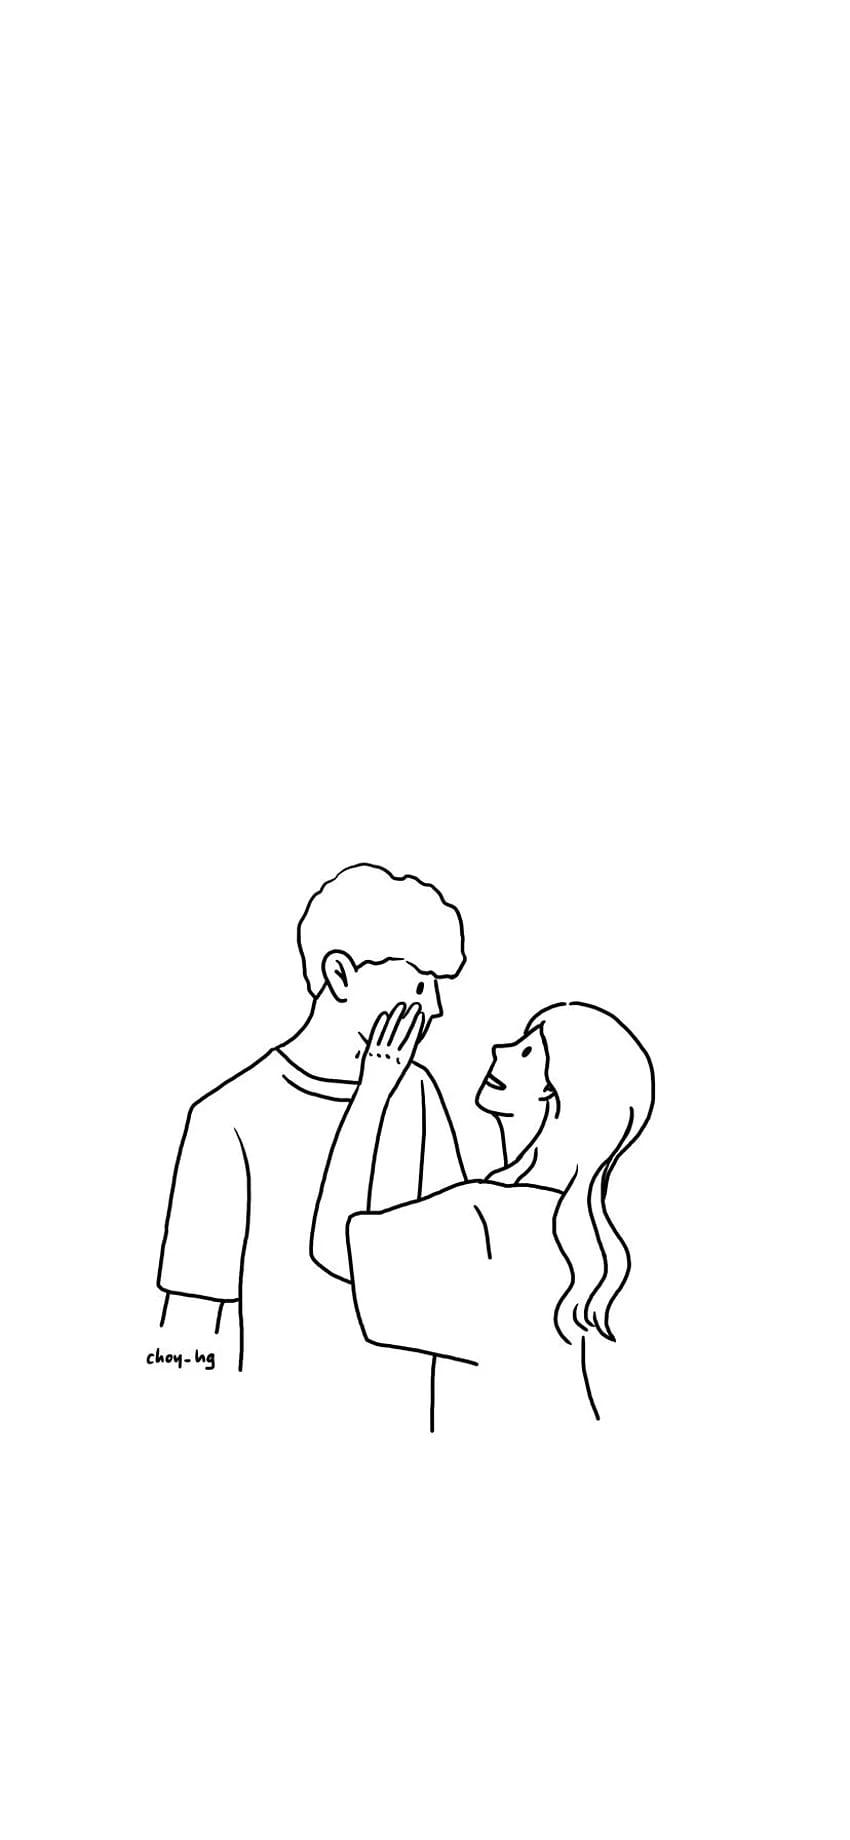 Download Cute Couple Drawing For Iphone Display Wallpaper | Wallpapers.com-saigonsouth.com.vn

---

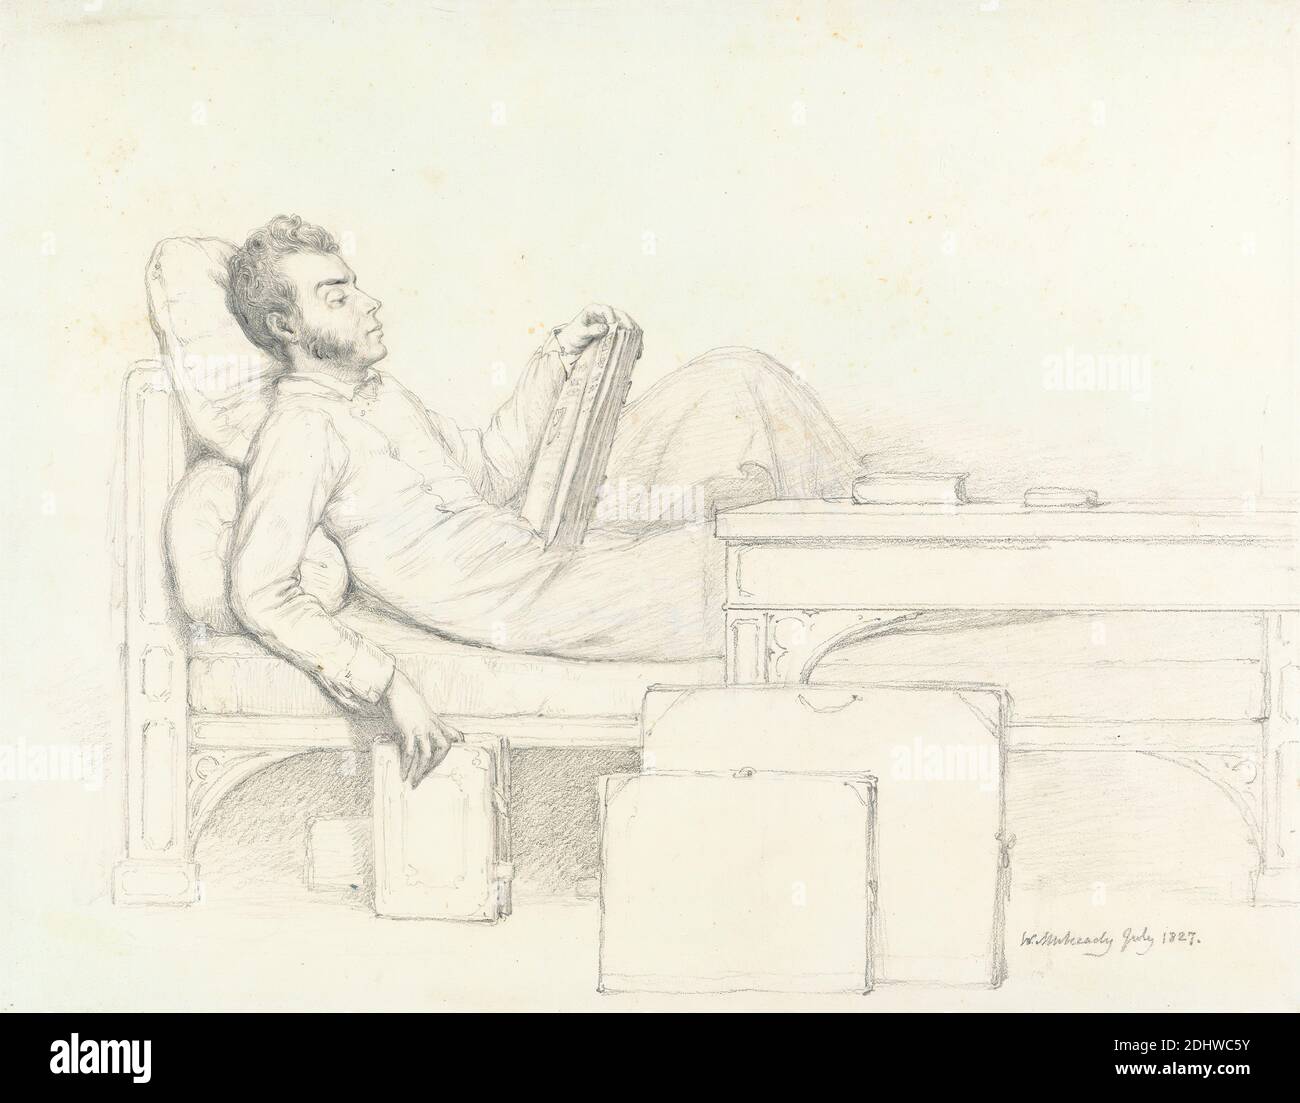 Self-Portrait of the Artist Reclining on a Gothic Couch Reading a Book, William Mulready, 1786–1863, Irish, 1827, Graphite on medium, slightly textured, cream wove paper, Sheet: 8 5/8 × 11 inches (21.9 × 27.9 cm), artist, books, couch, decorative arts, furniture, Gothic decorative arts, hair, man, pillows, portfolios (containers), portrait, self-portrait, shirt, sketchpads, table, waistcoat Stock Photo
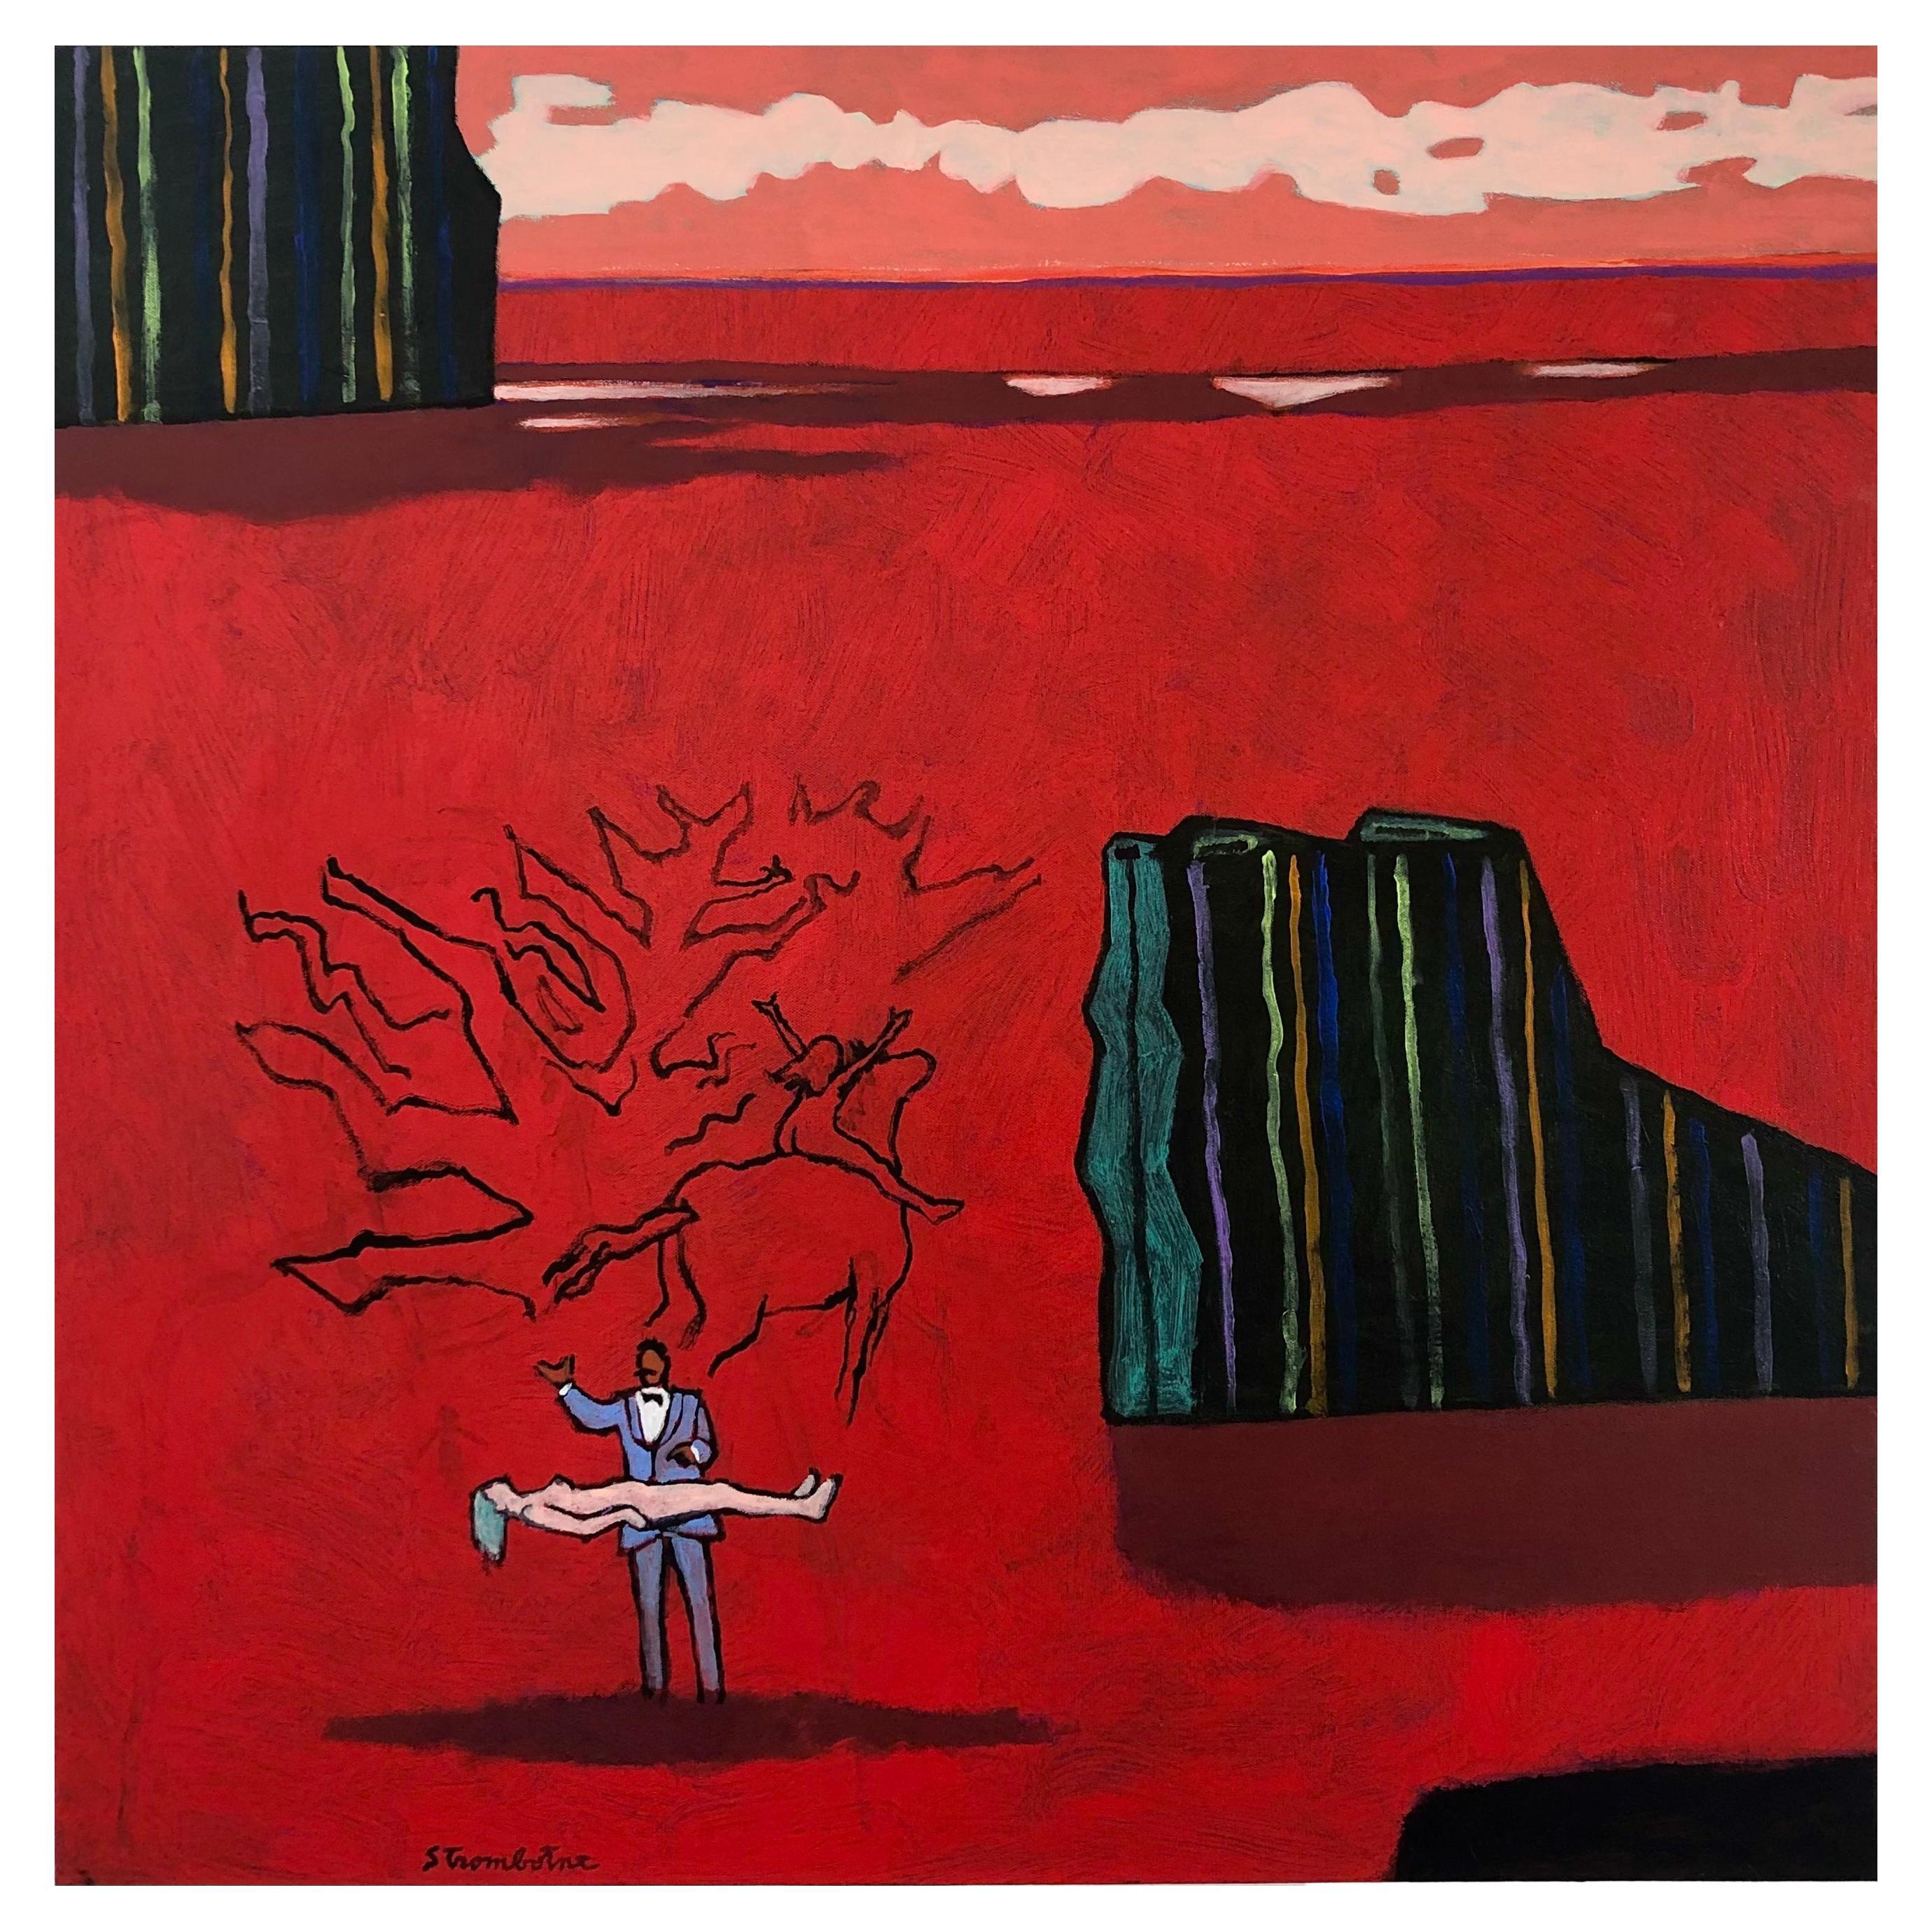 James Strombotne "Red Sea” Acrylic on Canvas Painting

» **Work instruction**:
Above are some records. Reproduce the lines from the one with "Self-Portrait of the" down to the one with "on Canvas Painting", keeping both, and leave every picture out.

» **Answer area**:
 Self-Portrait of the Artist Reclining on a Gothic Couch Reading a Book, William Mulready, 1786–1863, Irish, 1827, Graphite on medium, slightly textured, cream wove paper, Sheet: 8 5/8 × 11 inches (21.9 × 27.9 cm), artist, books, couch, decorative arts, furniture, Gothic decorative arts, hair, man, pillows, portfolios (containers), portrait, self-portrait, shirt, sketchpads, table, waistcoat Stock Photo
 James Strombotne "Red Sea” Acrylic on Canvas Painting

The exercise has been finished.